Repeat exactly the lines of the records below, starting at the line containing "ساعت رومیزی پاندولی" and ending at the line containing "14 Valentine's Day". Leave the pictures out.

• _Record excerpts_:
-*-

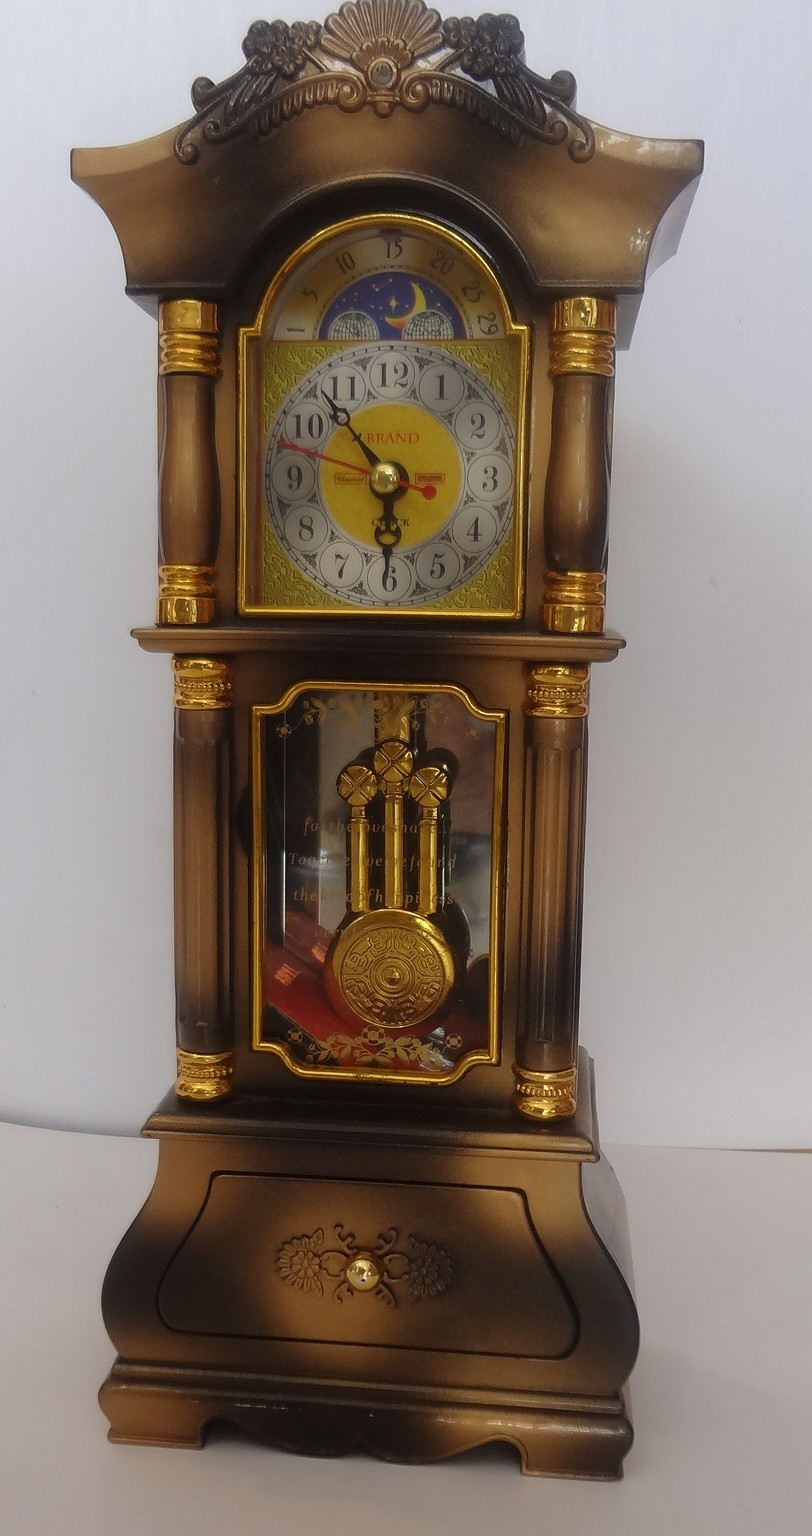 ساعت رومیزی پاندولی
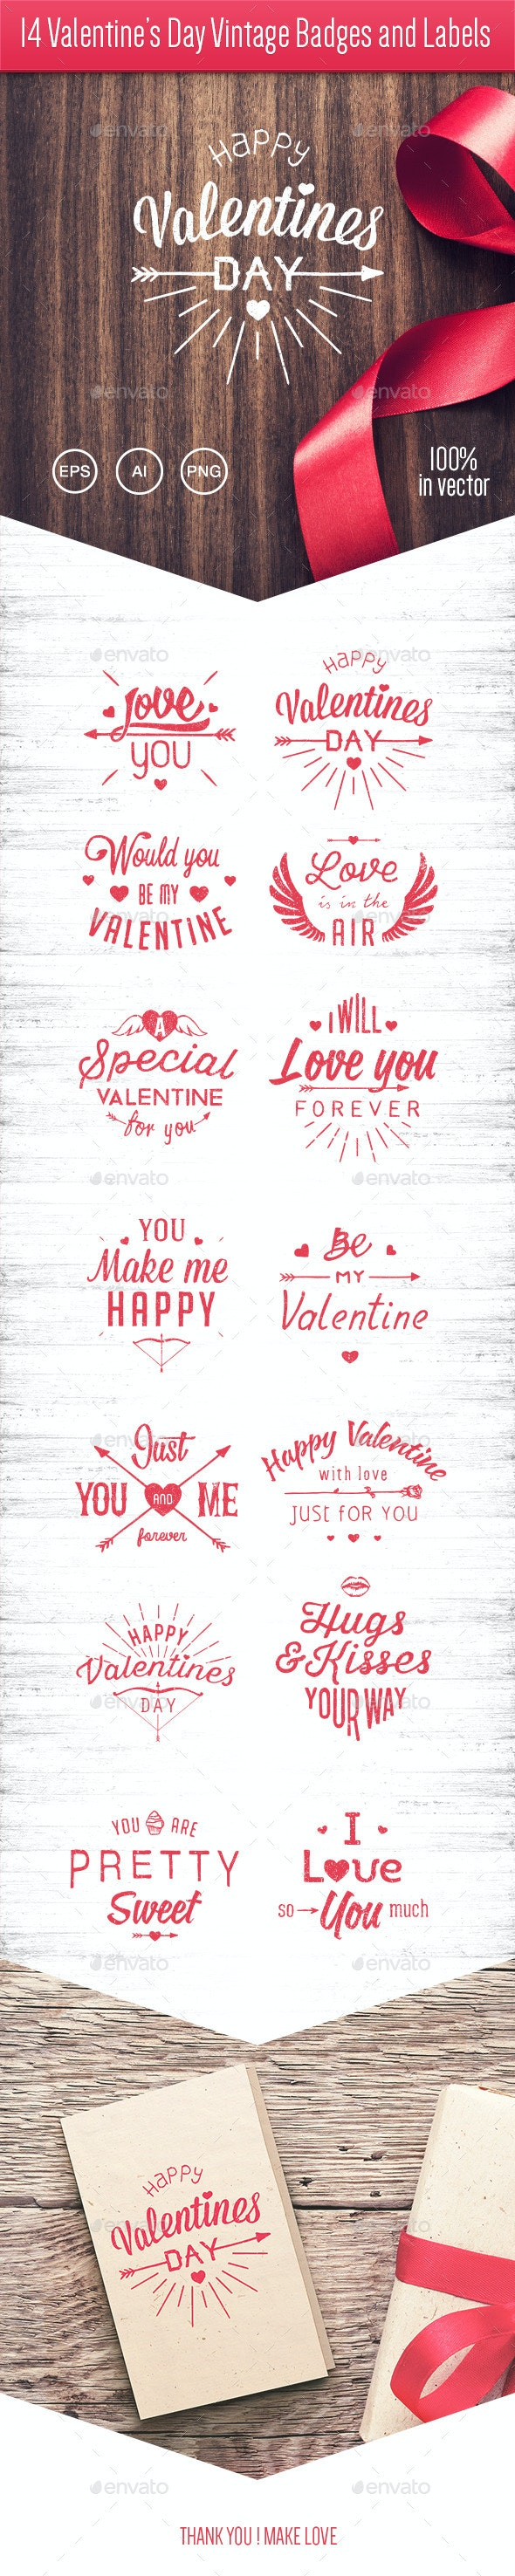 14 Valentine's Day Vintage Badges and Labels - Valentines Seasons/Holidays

-*-

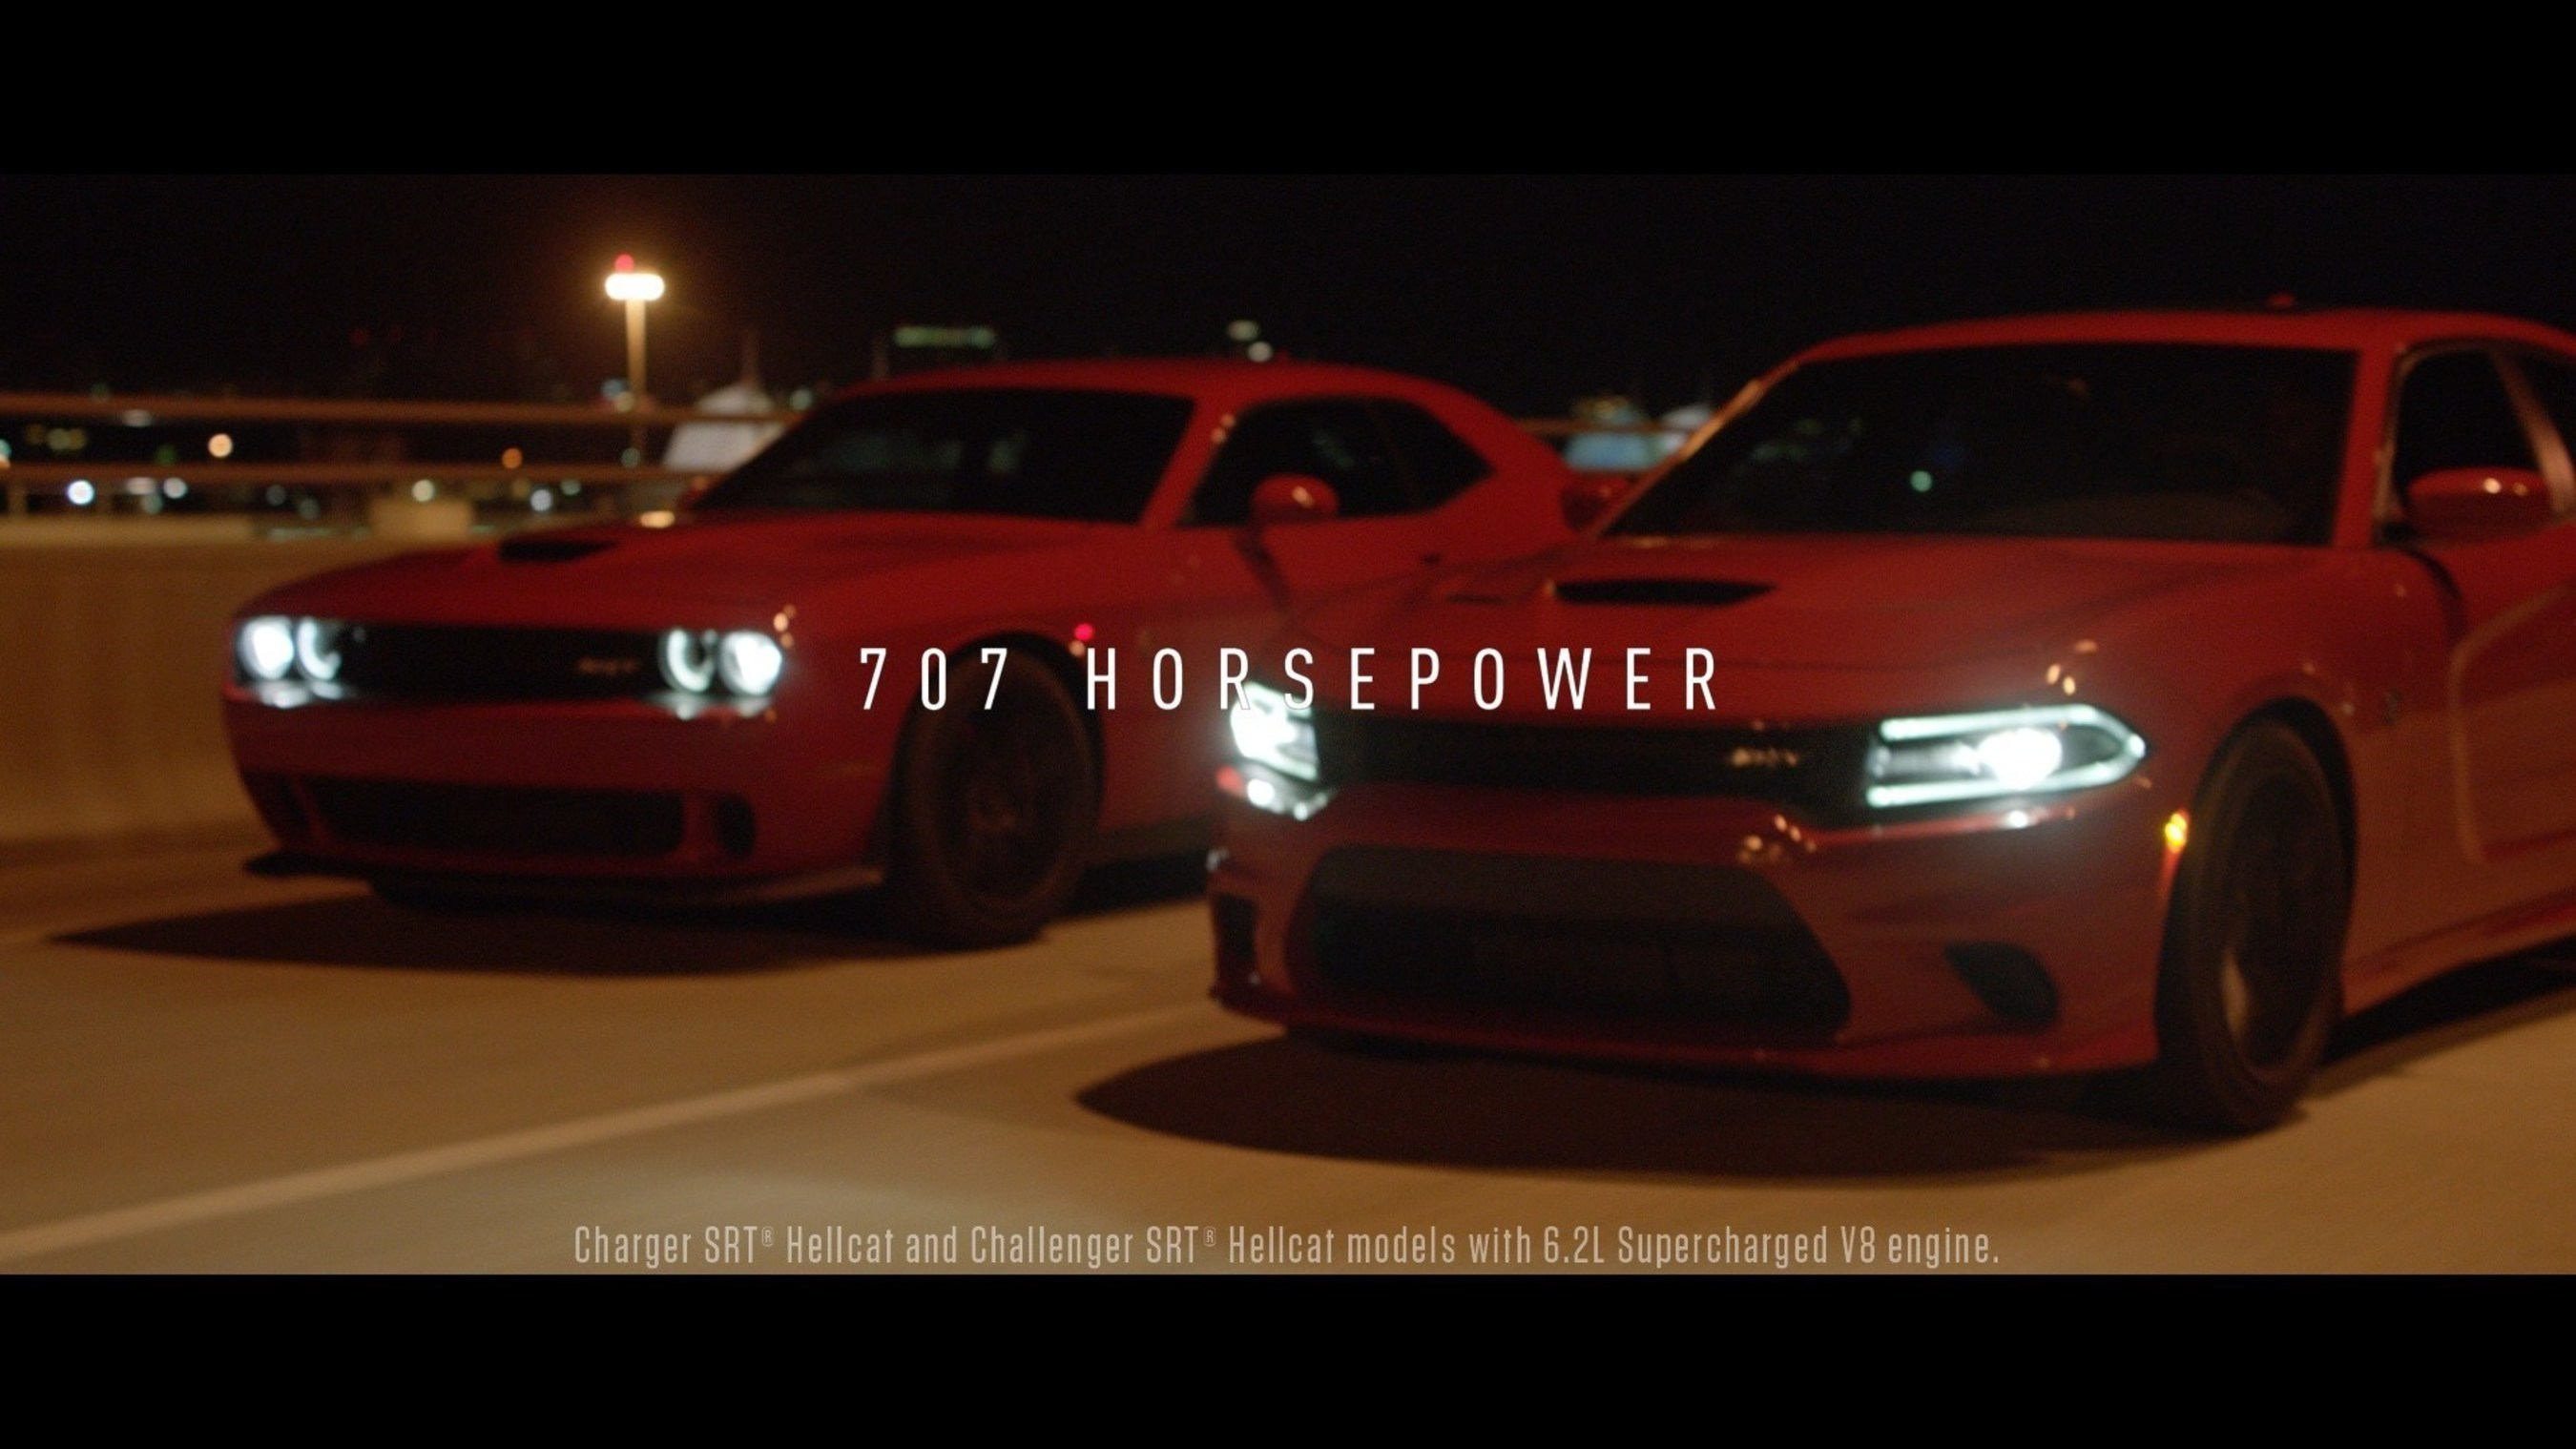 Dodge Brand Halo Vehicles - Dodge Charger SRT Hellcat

-*-

• _Exercise result_:
 ساعت رومیزی پاندولی
 14 Valentine's Day Vintage Badges and Labels - Valentines Seasons/Holidays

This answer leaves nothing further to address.